### Provided records ###

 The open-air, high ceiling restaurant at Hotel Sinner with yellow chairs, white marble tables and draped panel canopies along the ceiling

###
### Provided records ###

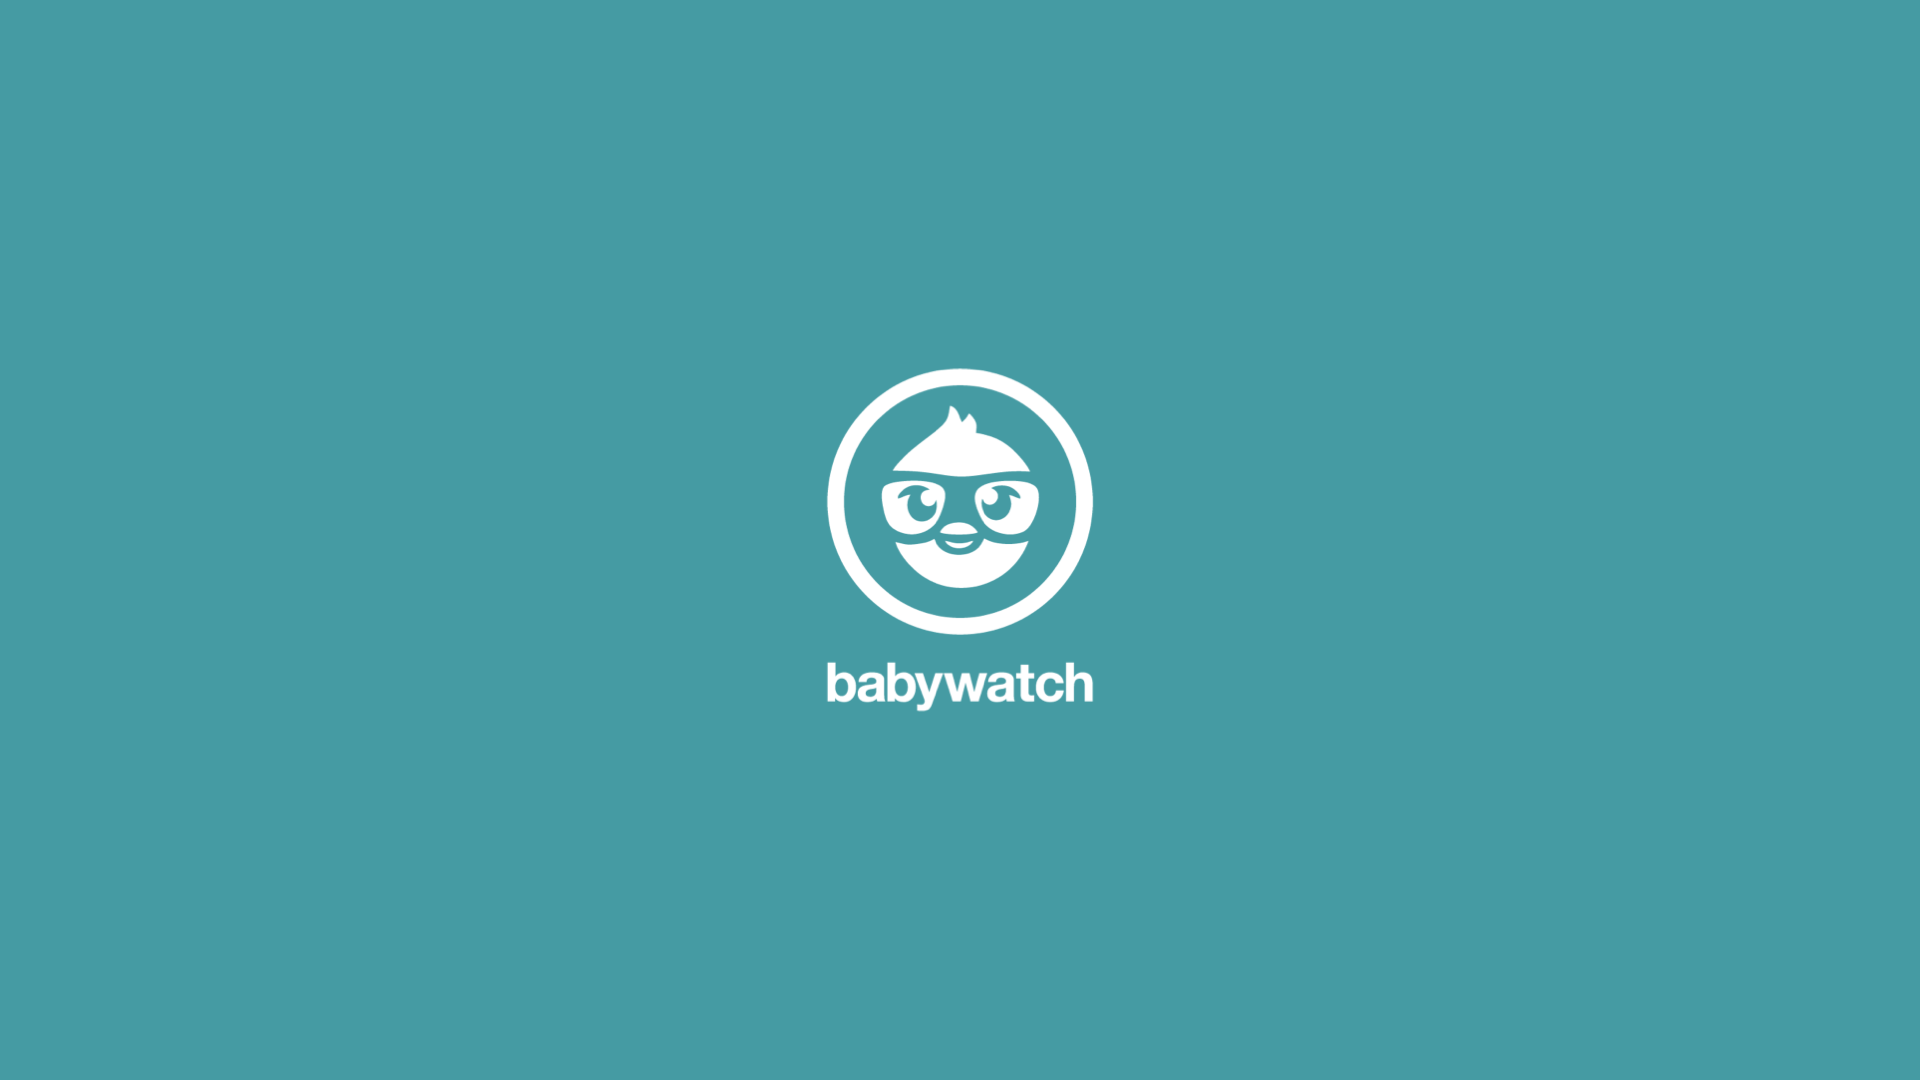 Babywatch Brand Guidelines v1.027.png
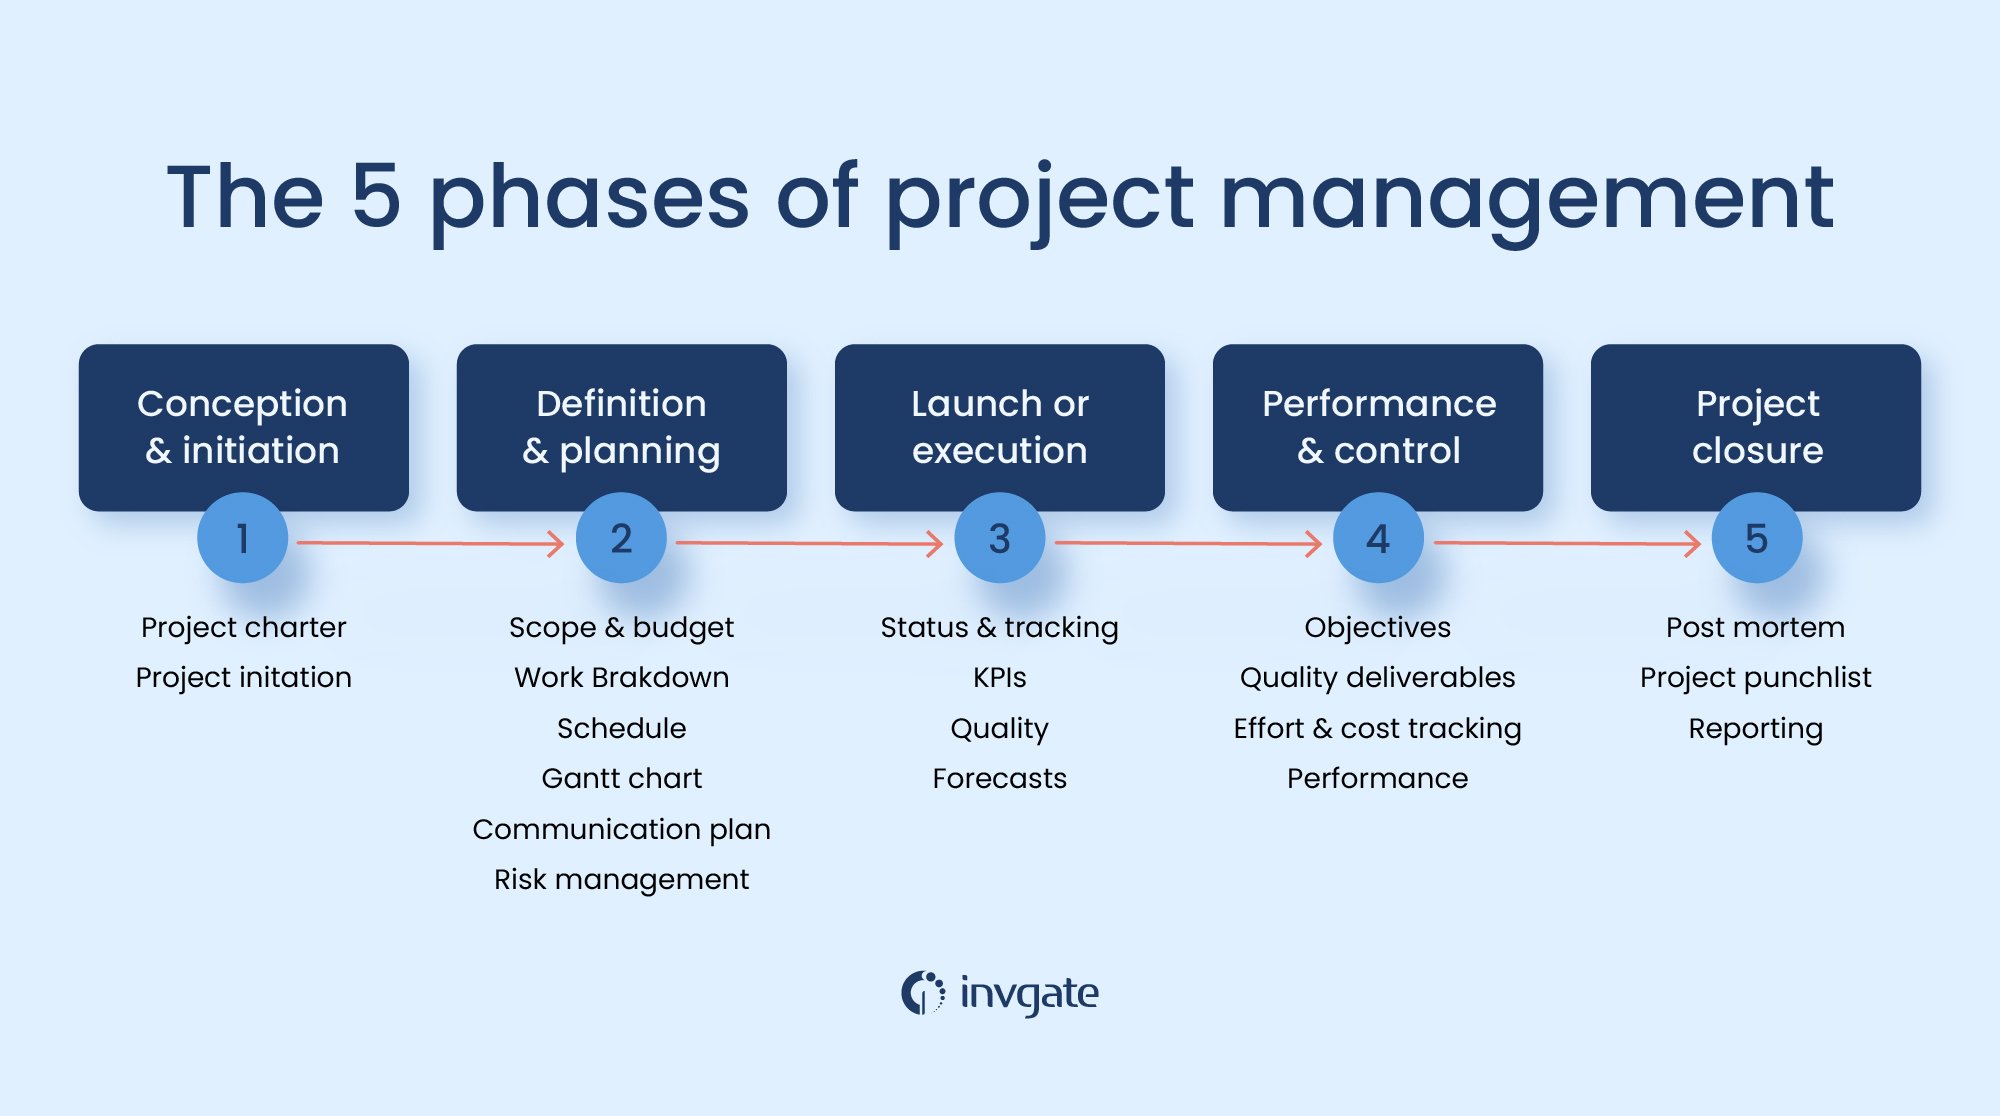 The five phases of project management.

###

Exercise aim:
Return exactly the stretch above whose first line contains "Babywatch Brand Guidelines v1.027.png" and whose last line contains "The five phases of project management.", and nothing outside it. The pictures should not appear.

Task solution:
 Babywatch Brand Guidelines v1.027.png
 The five phases of project management.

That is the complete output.